§ DATASET EXCERPTS:
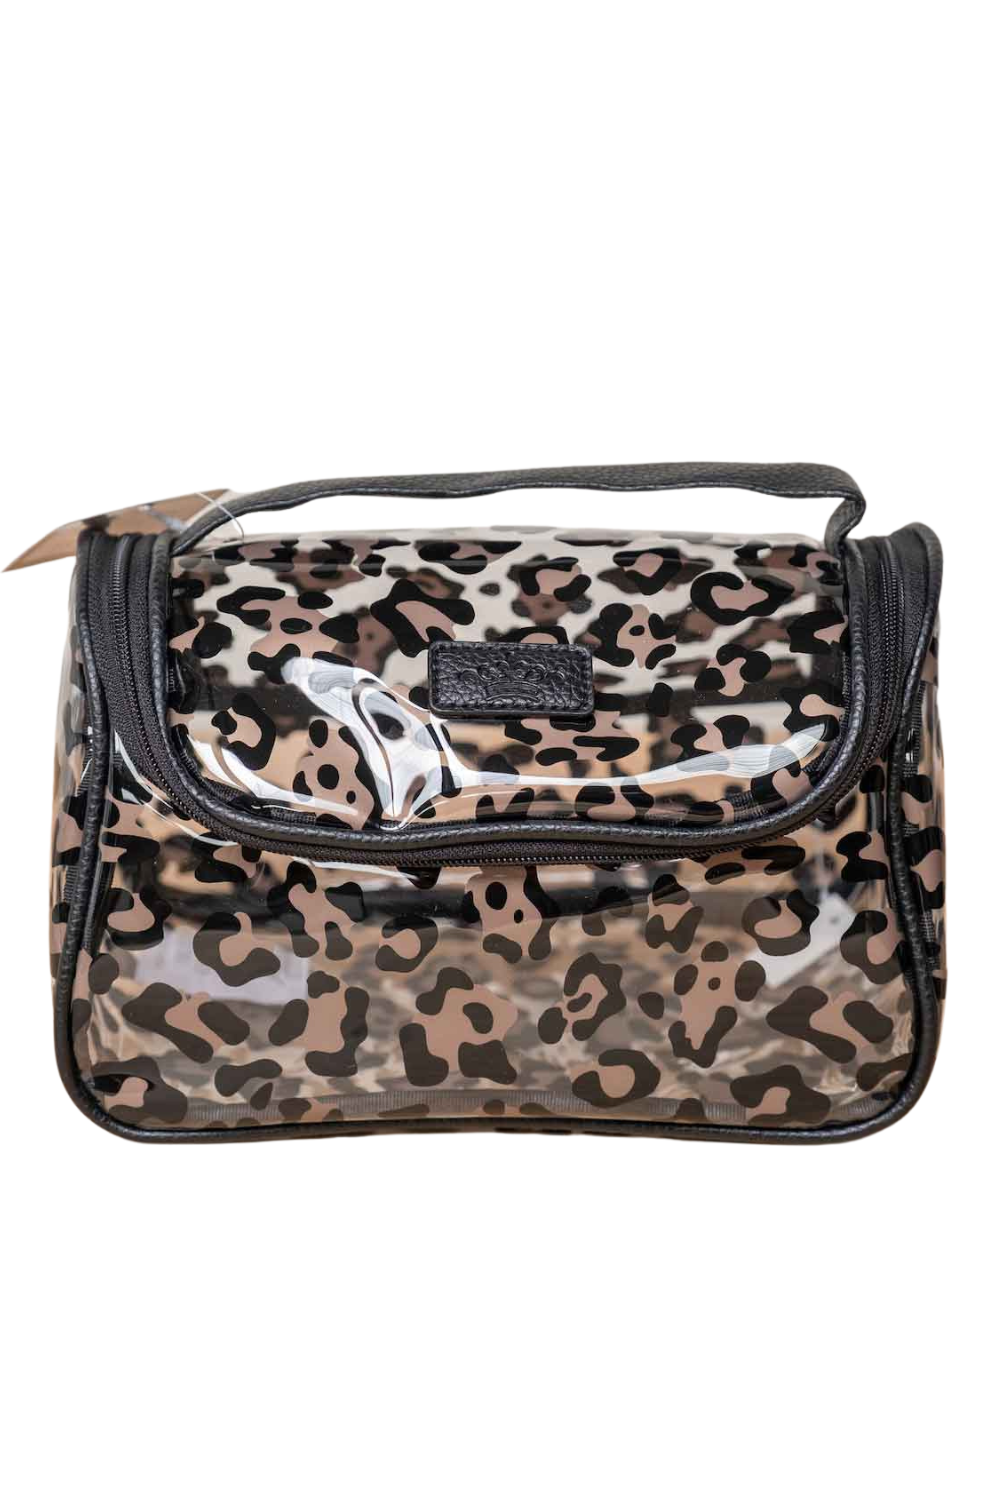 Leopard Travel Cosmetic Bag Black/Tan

--

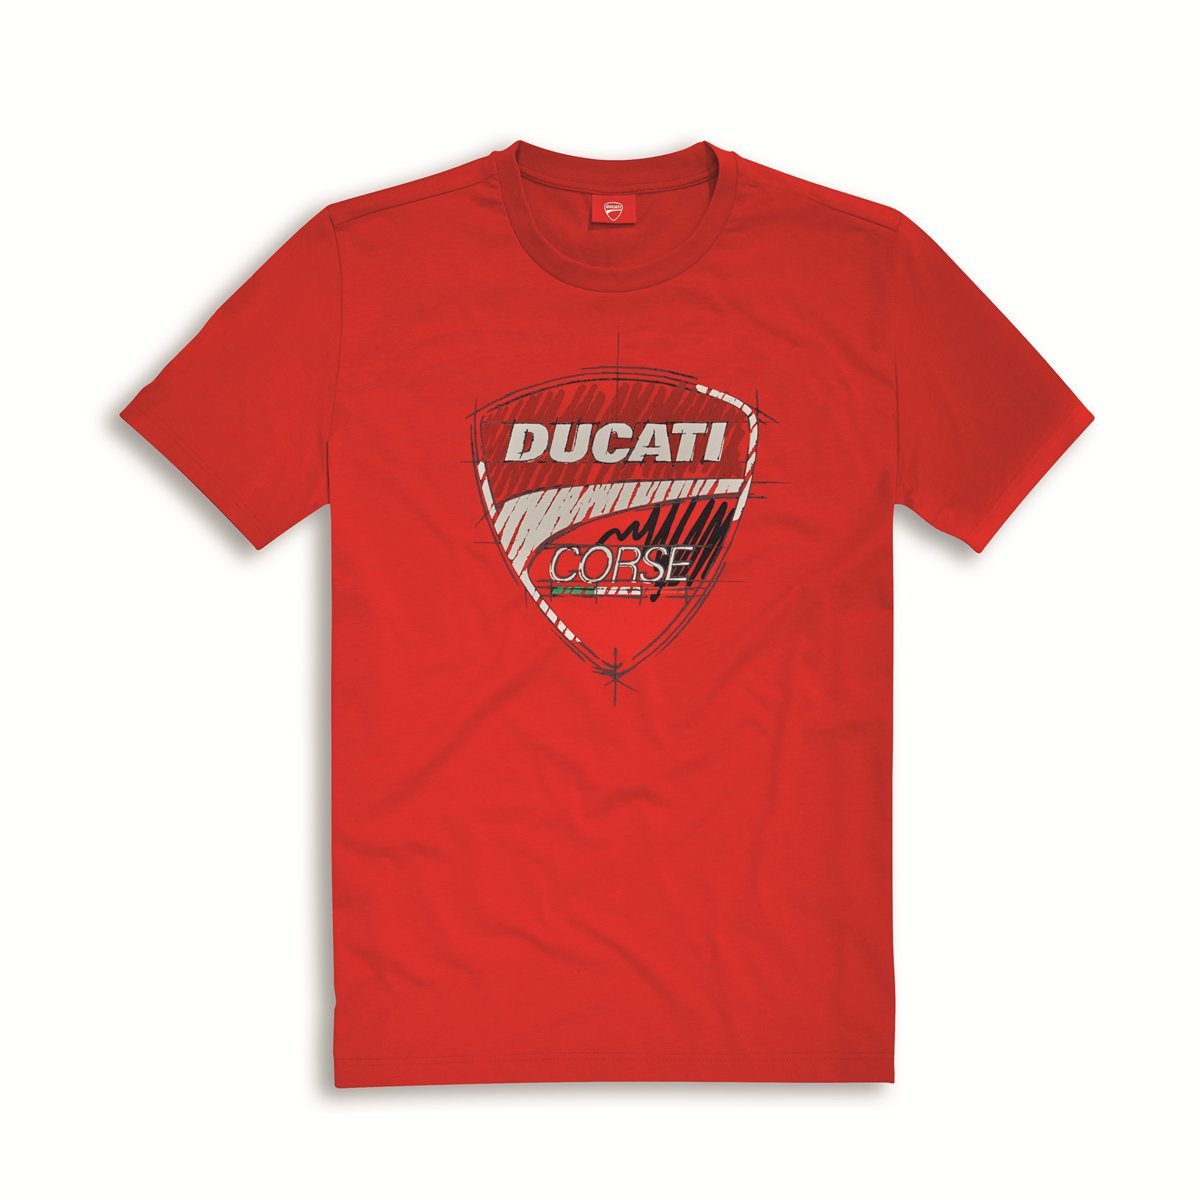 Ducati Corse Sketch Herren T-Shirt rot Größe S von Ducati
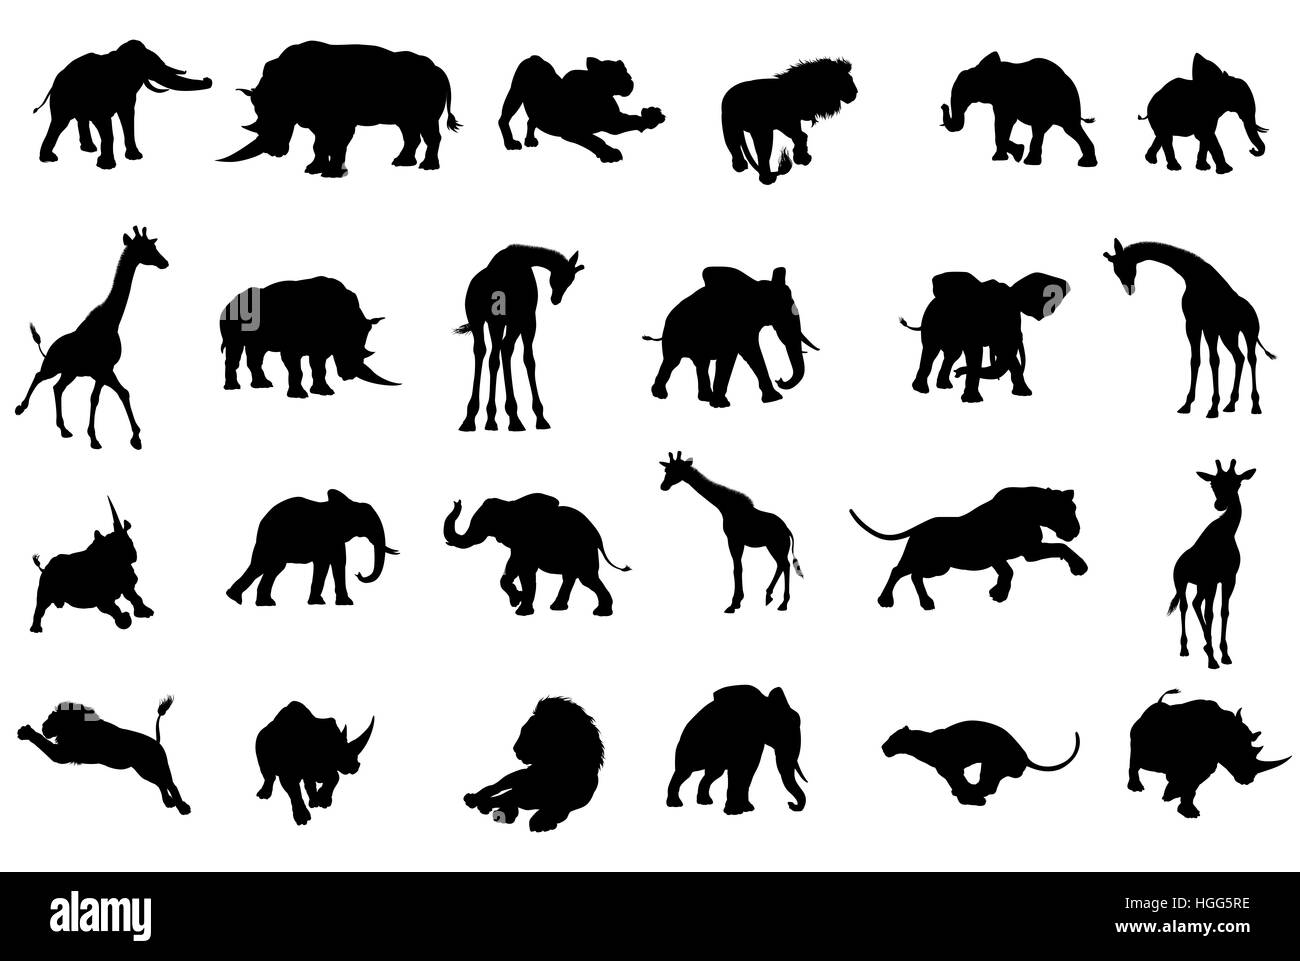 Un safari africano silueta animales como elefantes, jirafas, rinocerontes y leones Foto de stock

---

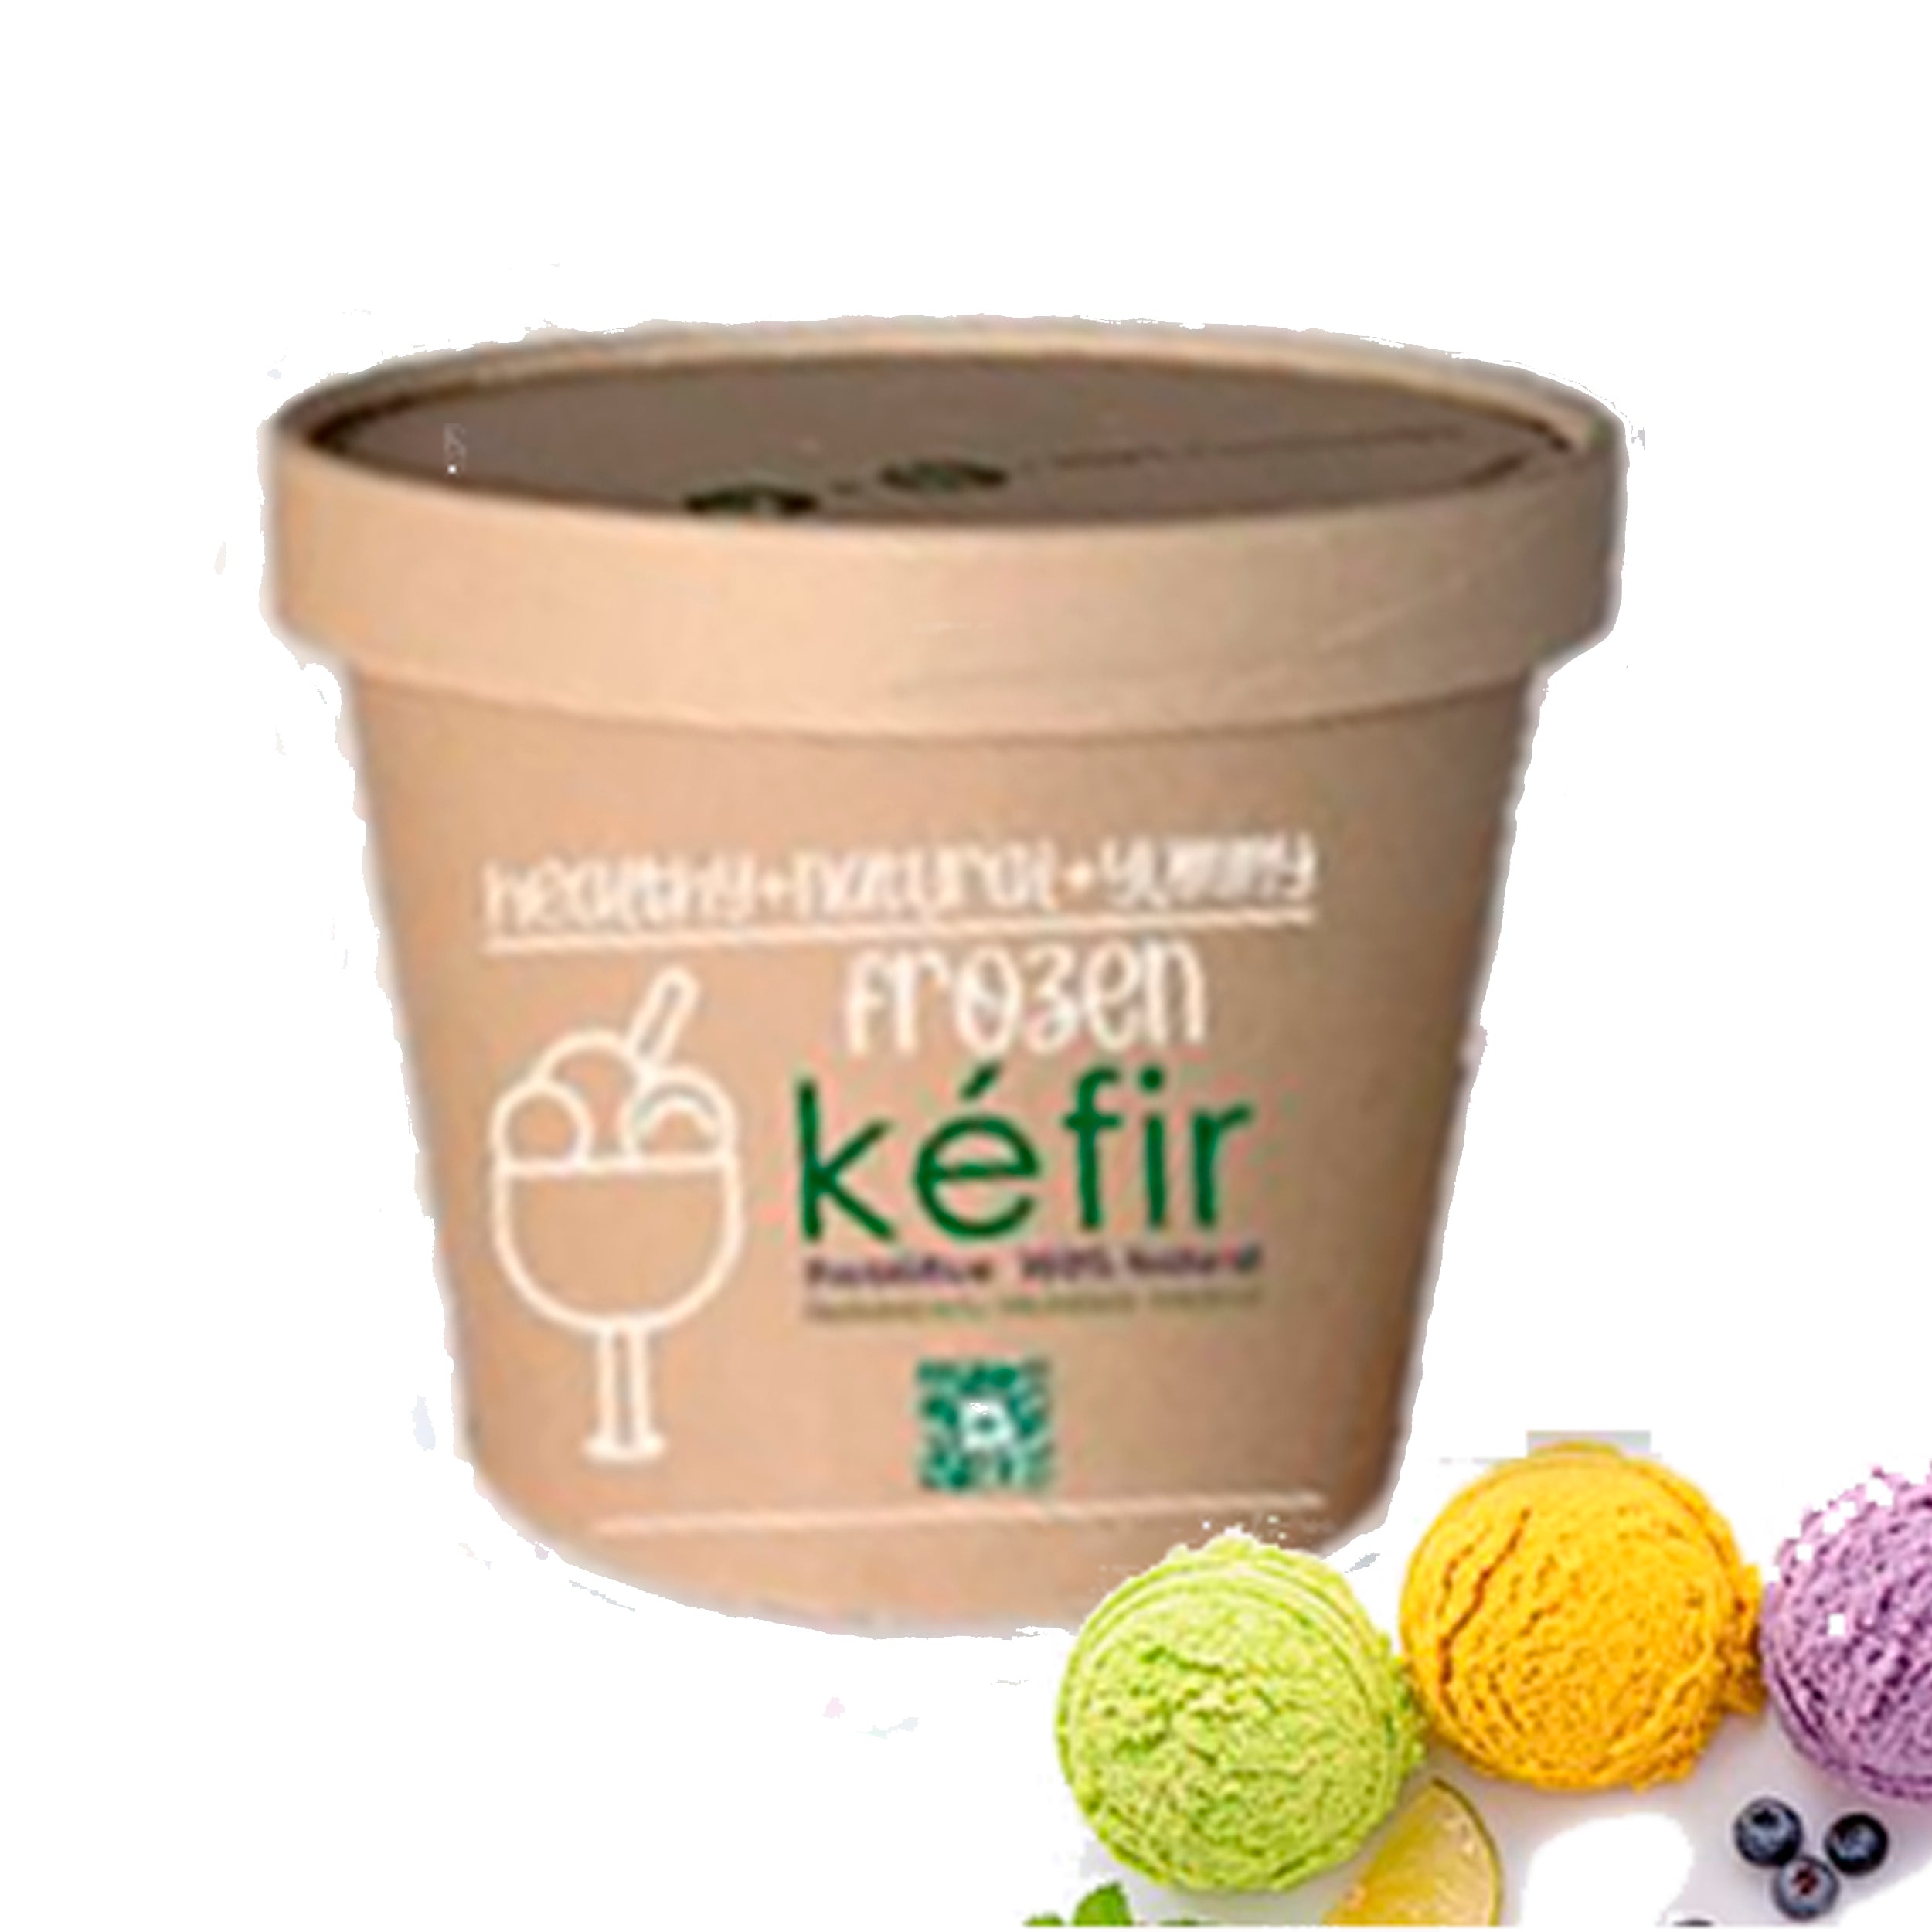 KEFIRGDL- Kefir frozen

§ TASK BRIEF: Return the stretch of data that begins with the line showing "Ducati Corse Sketch" and goes on through the line showing "Un safari africano", exactly, with pictures removed.

§ EXERCISE OUTPUT:
 Ducati Corse Sketch Herren T-Shirt rot Größe S von Ducati
 Un safari africano silueta animales como elefantes, jirafas, rinocerontes y leones Foto de stock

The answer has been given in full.